Christopher Jarvis was last seen alive in June 2006. His car was found on fire near the Warrnambool coast soon after.

Jarvis, 38, was last seen leaving his home in Wangoom, near Warrnambool in Victoria’s west, on June 13, 2006. His car was found on fire at Thunder Point coastal lookout.

His body has never been found, but detectives are planning to search a nearby forest for Jarvis’ body, the Supreme Court of Victoria has been told.

Framlingham Forest is owned by an Indigenous trust and police are negotiating with the local community along with trustees to conduct a thorough search, Detective Senior Constable Alicia Reivers said.

Wearing a neck brace, Johnson appeared in court on Monday to apply for bail after being charged with Jarvis’ murder, alongside co-accused Glenn Fenwick.

The prosecution opposed Johnson’s bail, suggestion they did not want him to be able to go to Framlingham Forest and potentially interfere with possible evidence.

“If he were to locate the body and/or items that might implicate him … he would be depriving the prosecution of the best evidence,” barrister Mark Gibson, KC, said.

Jarvis, who was Johnson’s tenant, allegedly confronted Johnson on his rental’s driveway and there was a significant assault which led to his death, Gibson said at the hearing.

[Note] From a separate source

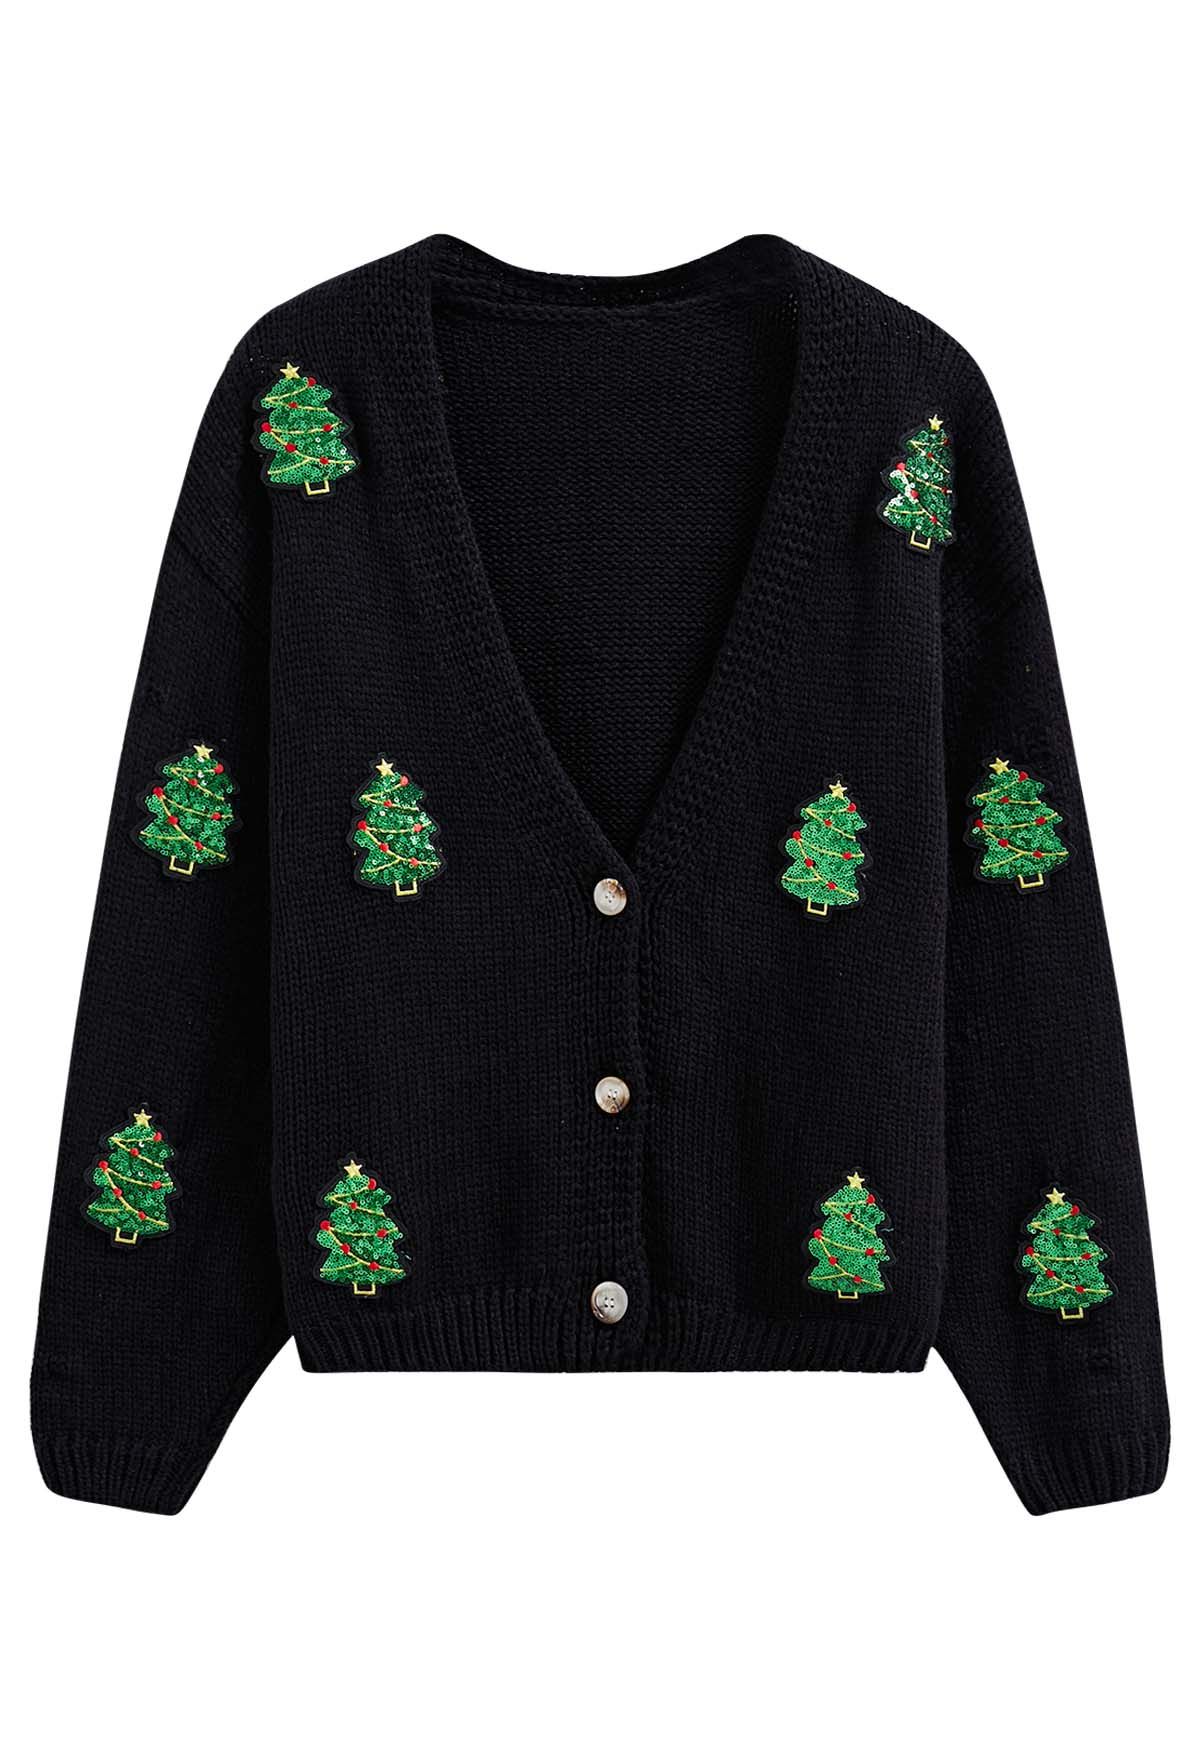 Sequin Christmas Tree Patch Button-Up Cardigan in Black

He told the court a witness saw Johnson use a tractor to grade the driveway the day after Jarvis was murdered.

Christopher Jarvis went missing in 2006. His body has not been found.

After being interviewed by police about Jarvis, he visited Fenwick. Gibson claimed during the hearing that Johnson told Fenwick “the shit has hit the fan, and I’m worried”.

Jarvis and Johnson were locked in a dispute about unpaid rent, which was due to be heard in the Victorian Civil and Administrative Tribunal days after Jarvis went missing.

Jarvis had submitted a counter-claim, asking for money for plumbing work needed on the roof.

Gibson claimed the dispute was motive for Johnson to want Jarvis dead, but Johnson’s barrister disputed this.

Thunder Point in Warrnambool.Credit: Aaron Sawall

“Johnson tried to lawfully end this dispute and was about to have his day in the tribunal,” Patrick Doyle, SC, said.

“He wasn’t going to get anything out of violence.”

Doyle said the trial would likely not occur for another two years, and Johnson was vulnerable in custody due to his poor physical and mental health.

He has offered to put the value of his property, which he owns with his wife, as a surety.

Johnson has promised to abide by bail conditions, including he not contact witnesses and cannot visit Framlingham Forest.

Doyle said there was no DNA evidence tying Johnson to the murder.

Analysis of a baseball bat, the alleged murder weapon, had not turned up any links to Johnson, he said.

“This is a very weak crown case,” Doyle said.

Justice John Champion will hand down his decision on Johnson’s bail at a later date.